经过上述步骤,得到纤维含量高、平整性好、层间强度高、使用寿命长的高性能PECVD载板。
实施例3
一种2D碳/碳PECVD载板的制备方法,包括如下步骤:
(1)双向碳布编织,所述双向碳布采用12k碳纤维丝束编织,碳布面密度为400g/m2;
(2)高温预处理双向碳布以提高碳纤维的表面活性,高温热处理温度为1500℃,保温2h;
(3)将热处理后的双向碳布制成酚醛树脂预浸料,其中酚醛树脂含量为42%,挥发分含量为6%,酚醛树脂为钡酚醛树脂、氨酚醛树脂、硼酚醛树脂中的一种或多种,本实施例中,酚醛树脂为钡酚醛树脂。
(4)通过滚轴压挤的方法将预浸碳布丝束展宽,丝束宽度4.4mm;
(5)预酚醛浸碳布铺层并经热压固化得到树脂基模压板,其中固化温度180℃,压力2.5MPa,酚醛预浸料铺层根据板材厚度设计,即厚度d=L*S/h,(其中L为双向碳布铺层层数,S为双向碳布面密度,h为板材所设计的纤维体积密度);
(6)碳化处理,碳化温度在760℃,保温2h;碳化过程中,树脂基板材上面施加压力以保证其碳化后具有较高的平整度,压力0.17MPa;
(7)树脂浸渍/碳化工艺增密,其中固化压力3MPa;
(8)高温处理,高温处理温度为2000℃,保温时间4h;
(9)热解炭表面涂层,2D碳/碳板材放入CVD炉中,沉积温度为1100℃,通入天然气、丙烷等碳氢化合物,以氩气为稀释气体,控制炉压为2000Pa,进行30h热解碳涂层处理;
(10)机械加工。
经过上述步骤,得到纤维含量高、平整性好、层间强度高、使用寿命长的高性能PECVD载板。
实施例4
一种2D碳/碳PECVD载板的制备方法,包括如下步骤:
(1)双向碳布编织,所述双向碳布采用12k碳纤维丝束编织,碳布面密度为450g/m2;
(2)高温预处理双向碳布以提高碳纤维的表面活性,高温预处理温度为1700℃,保温4h;
(3)将热处理后的双向碳布制成酚醛树脂预浸料,其中酚醛树脂含量为44%,挥发分含量为5%,酚醛树脂为钡酚醛树脂、氨酚醛树脂、硼酚醛树脂中的一种或多种,本实施例中,酚醛树脂为氨酚醛树脂;
(4)通过滚轴压挤的方法将预浸碳布丝束展宽,丝束宽度4mm;
(5)预酚醛浸碳布铺层并经热压固化得到树脂基模压板,其中固化温度170℃,压力2.0MPa,酚醛预浸料铺层根据板材厚度设计,即厚度d=L*S/h,(其中L为双向碳布铺层层数,S为双向碳布面密度,h为板材所设计的纤维体积密度);
(6)碳化处理,碳化温度在850℃之间,保温2h;碳化过程中,树脂基板材上面施加压力以保证其碳化后具有较高的平整度,压力0.3MPa;
(7)树脂浸渍/碳化工艺增密,其中固化压力2MPa;
(8)高温处理,高温处理温度为2200℃,保温时间4h;
(9)热解炭表面涂层,2D碳/碳板材放入CVD炉中,沉积温度为1100℃,通入天然气、丙烷等碳氢化合物,以氩气为稀释气体,控制炉压为3000Pa,进行30h热解碳涂层处理;
(10)机械加工。
经过上述步骤,得到纤维含量高、平整性好、层间强度高、使用寿命长的高性能PECVD载板。
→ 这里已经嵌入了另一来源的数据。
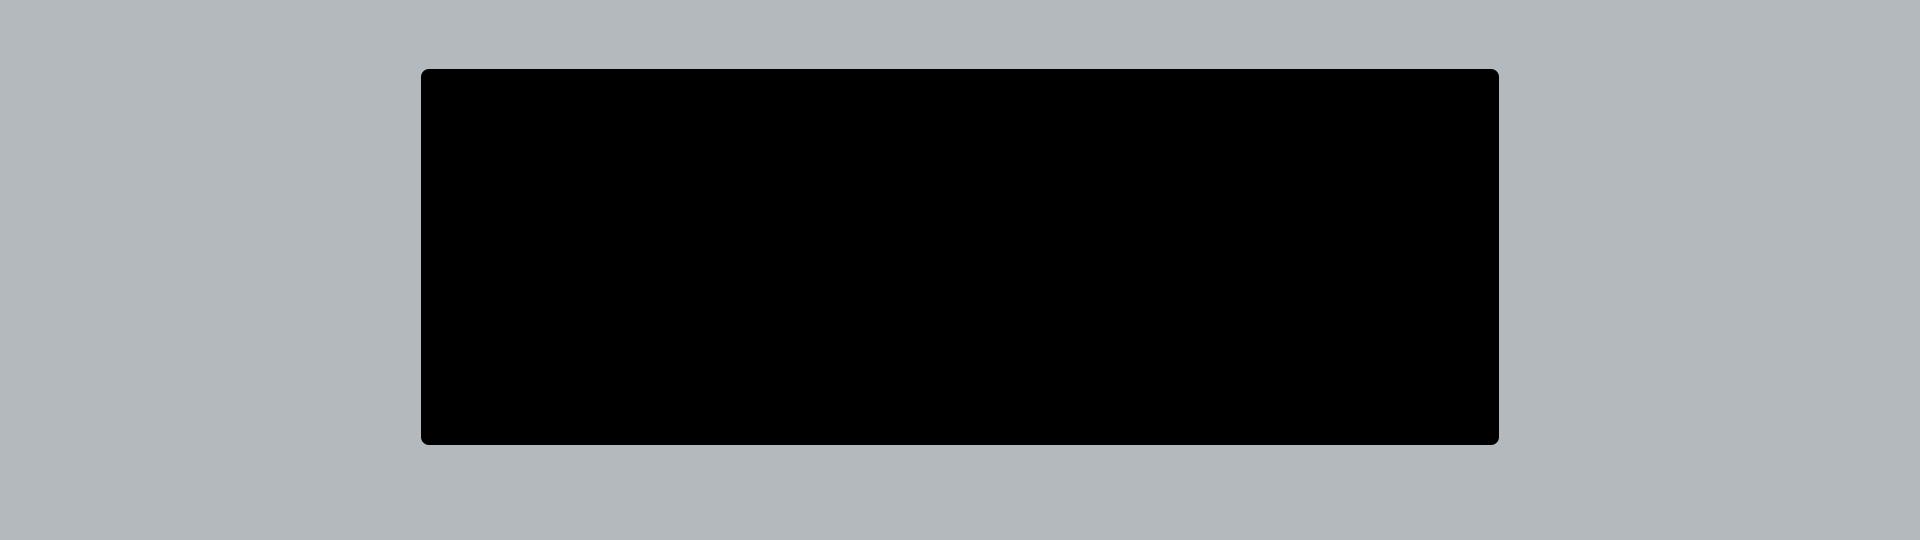 CATEGORY-TEMTUK-2URUNE50INDRM-11-07

以上所述仅为本发明的较佳实施例而已,并不用以限制本发明,凡在本发明的精神和原则之内所作的任何修改、等同替换和改进等,均应包含在本发明的保护范围之内。
Claims (10)
1.一种2D碳/碳PECVD载板的制备方法,包括如下步骤:
1)将T700级12k碳纤维编织成平纹碳布;
2)对所述12K平纹碳布进行高温活化处理;
3)将所述高温处理过的平纹碳布制备成酚醛树脂预浸料;
4)通过挤压的方法将所述酚醛树脂预浸料丝束展宽;
5)所述酚醛树脂预浸料铺层后经热压固化成型得到树脂基模压板;
6)碳化处理;
7)树脂浸渍-碳化工艺增密,包括真空浸渍-压力浸渍-压力固化-碳化工艺增密;
8)石墨化处理制得2D碳/碳复合材料板材;
9)将所述2D碳/碳复合材料板材进行表面热解炭涂层处理;
10)机加工。
2.根据权利要求1所述的一种2D碳/碳PECVD载板的制备方法,其特征在于,所述步骤1)中所述平纹碳布面密度为360~450g/m2。
3.根据权利要求2所述的一种2D碳/碳PECVD载板的制备方法,其特征在于,所述步骤2中,高温活化处理温度为1500~2000℃,保温2~4h。
4.根据权利要求3所述的一种2D碳/碳PECVD载板的制备方法,其特征在于,所述步骤3)中所述酚醛树脂预浸料,其树脂含量为40%~44%,挥发分含量小于8%。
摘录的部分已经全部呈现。